To gain a better understanding of how others perceive you, I recommend booking a makeup and photography session. This experience can provide valuable insights into how your appearance translates through the lens of a camera and the eyes of others.

At the conclusion of a makeup session, I present my clients with a handheld mirror, unveiling my interpretation of their vision fused with their natural canvas (face). Their reaction and response convey profound insights into their self-perception. Clients often experience a mix of emotions when seeing themselves through professional makeup artistry. They may yearn to transform and embrace a new persona while also grappling with the reluctance to deviate from their usual routine.

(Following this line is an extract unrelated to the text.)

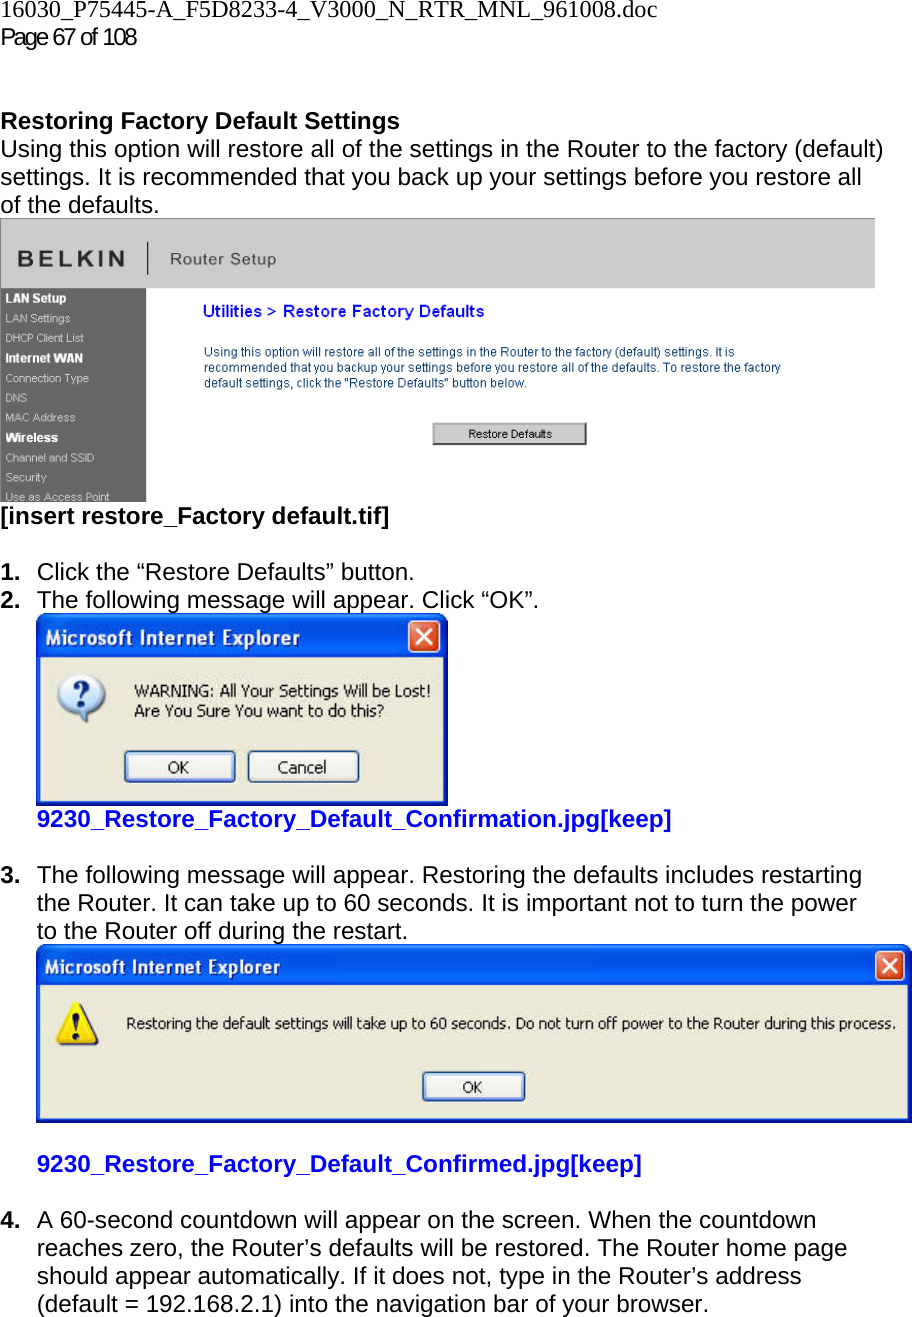 16030_P75445-A_F5D8233-4_V3000_N_RTR_MNL_961008.doc  Page 67 of 108    Restoring Factory Default Settings Using this option will restore all of the settings in the Router to the factory (default) settings. It is recommended that you back up your settings before you restore all of the defaults.  [insert restore_Factory default.tif]  1.  Click the “Restore Defaults” button. 2.  The following message will appear. Click “OK”.  9230_Restore_Factory_Default_Confirmation.jpg[keep]  3.  The following message will appear. Restoring the defaults includes restarting the Router. It can take up to 60 seconds. It is important not to turn the power to the Router off during the restart.  9230_Restore_Factory_Default_Confirmed.jpg[keep]  4.  A 60-second countdown will appear on the screen. When the countdown reaches zero, the Router’s defaults will be restored. The Router home page should appear automatically. If it does not, type in the Router’s address (default = 192.168.2.1) into the navigation bar of your browser.

I recently tuned in to an intriguing conversation with a professor and visual artist specializing in portrait commission paintings. She shared her insights on working with clients, noting that they often struggled to express their desires clearly. “The only thing they were ever sure of was what they didn’t want,” she remarked. Despite attempts to articulate their vision, there was often a disconnect between their expectations and the artist’s interpretation. Even when working on traditional canvas rather than a person’s face, the clients found the colors too intense or too subdued, showcasing the complexities of artistic collaboration.

At an 80-year-old man’s portrait unveiling, his wife’s immediate exclamation was, “Oh, my God- He’s bald!” She expressed disappointment that the portrait did not depict him with hair, despite his baldness in reality.

“People just have strange ideas about what they think they look like or what they should look like. Some clients felt as if they were being shown their mortality if I included a couple wrinkles on their faces in their portraits, even if they have them in real life.” -Clara Lieu (View around the 18 minute mark).

We are composed of so much beauty others have the fortune of viewing.